Una rara afecciòn le habìa arruinado la vida, condenàndolo a no ser alegre, habièndolo confinado a no esbozar la màs mìnima sonrisa, a no ondular un àpice el rictus firme que lo caracterizaba. Si sonreìa, aumentaba el riesgo de acercarse a la risa.
Reir le significaba desvelarse. Pasarse dias y noches sin poder dormir. Sin pegar un ojo. Dias y noches de infernales dolores de cabeza, de cansancio que le resultaba legendario.
En su juventud, una mañana de un domingo de octubre, apenas ventoso, sentados en el cordòn de la vereda de una esquina del barrio, a la salida de un quilombo, borrachos despuès del vòmito, viò a una araña comièndose una mosca atrapada en la tela y le dijo al Nando:
-"Pelado, si te comès la araña, te la chupo".
El Nando se comiò la araña con tela y mosca y todo, mientras se abrìa la bragueta del jean.
-"Las deudas de juego, se pagan", dijo, y le manoteò la pija, que ya estaba dura.
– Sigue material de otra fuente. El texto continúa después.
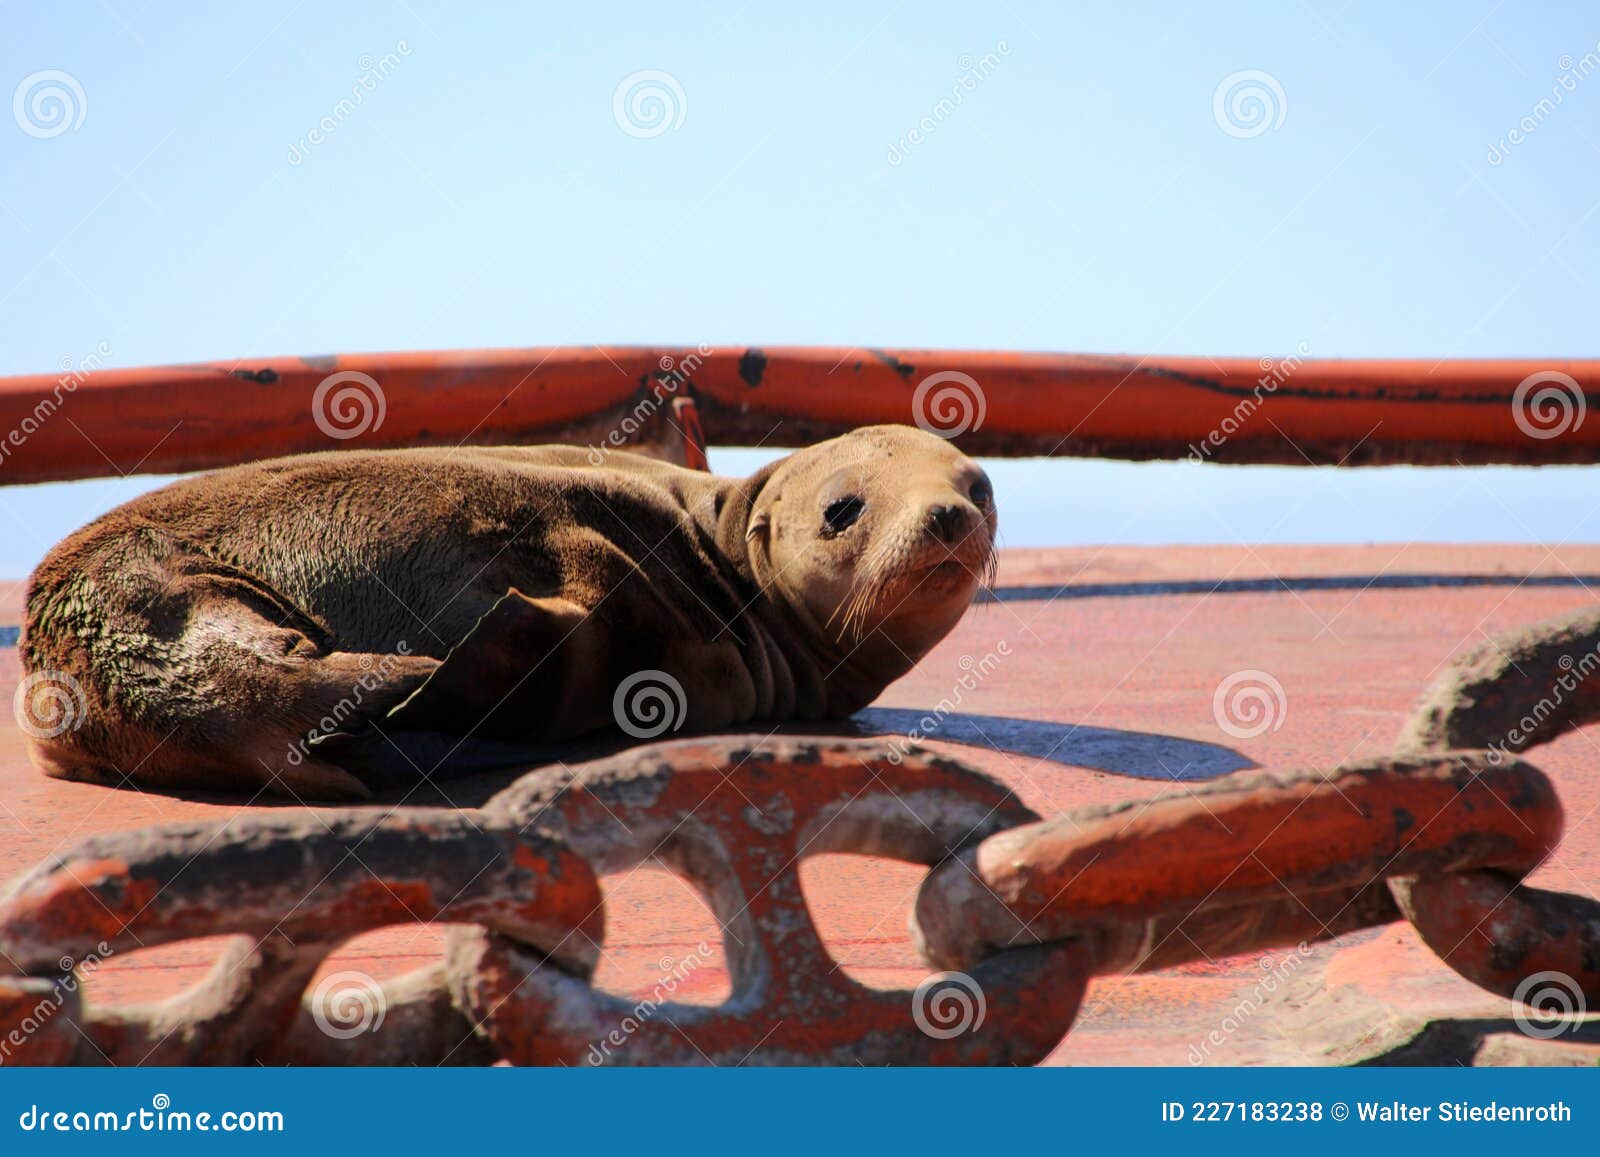 young sea lion sunbathes on a buoy

En ese instante, Nando eyaculò.
Sin atreverse a tocarse para quitarse la esperma de la cara, se riò, se riò, se riò...
Y se desvelò por primera vez.
Y cada vez que luego reìa, sabìa que le restaba pasear su insomnio por las calles del pueblo.
No faltaron comentarios que no hacìan otra cosa que aumentar sus desvelos.
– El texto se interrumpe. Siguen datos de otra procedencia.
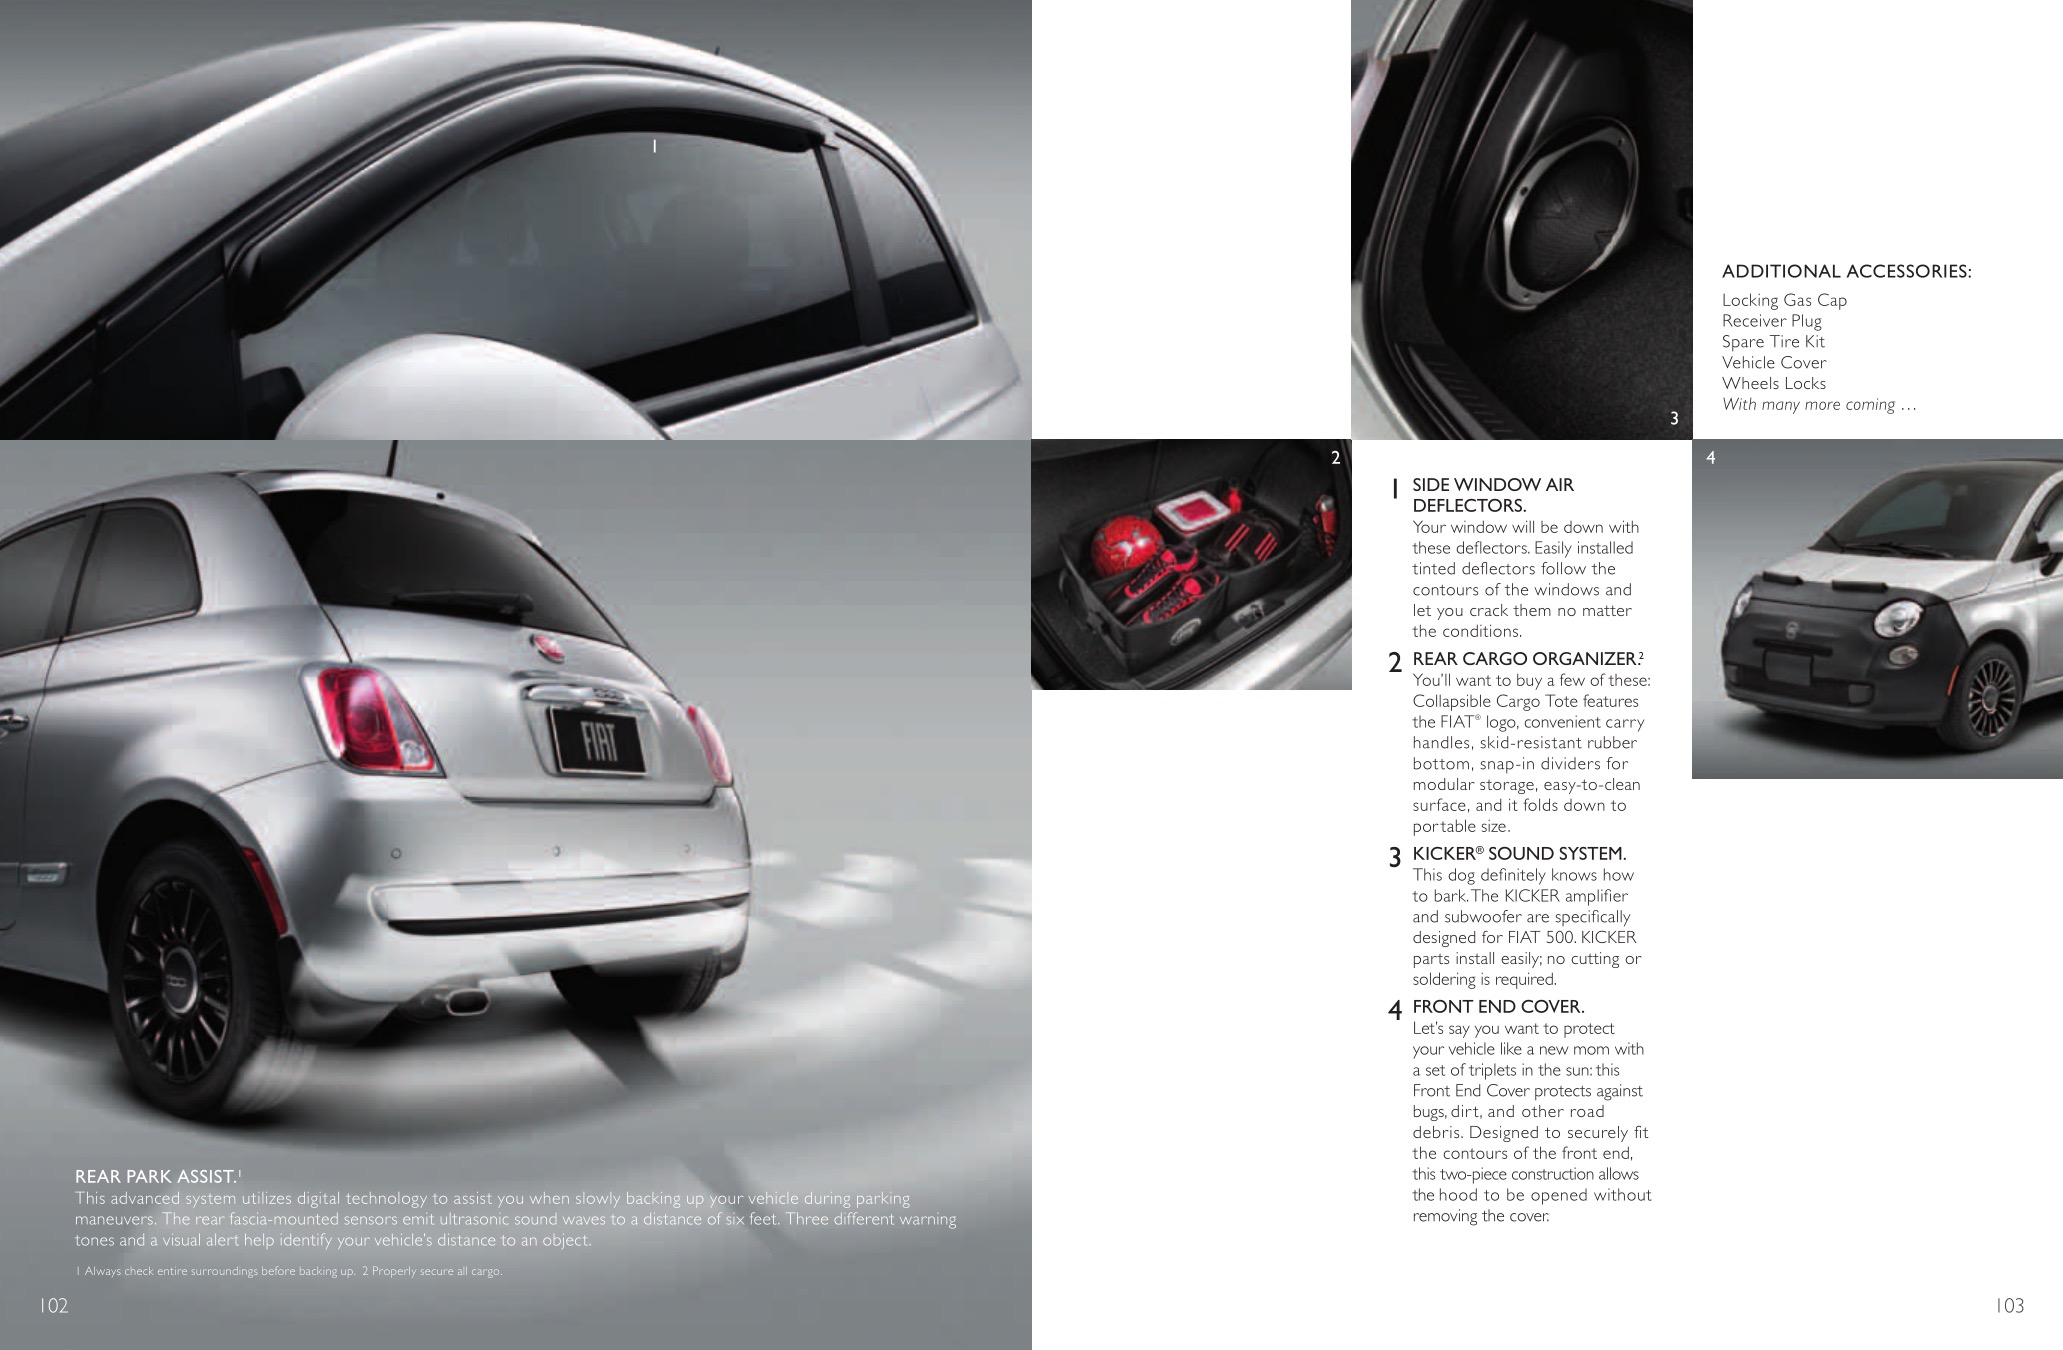 2012 Fiat 500 Brochure Page 3

Supo ser fuerte, tener autocontrol y saludar, al menos, con una sencilla sonrisa. Empero, cuando el riesgo de caer en la risa fue una realidad cada vez mas frecuente, optò por apretar sus labios y sonreìr cada vez por menos motivos.
Para entonces, sòlo le sonreìa, en el dìa de su cumpleaños, al espejo. Sonreìa y preguntaba, mascullante, la ùnica vez en el año que se desvelaba por llorar:
-("¡¿Por què a mi, y la reputa madre que lo pariò?!")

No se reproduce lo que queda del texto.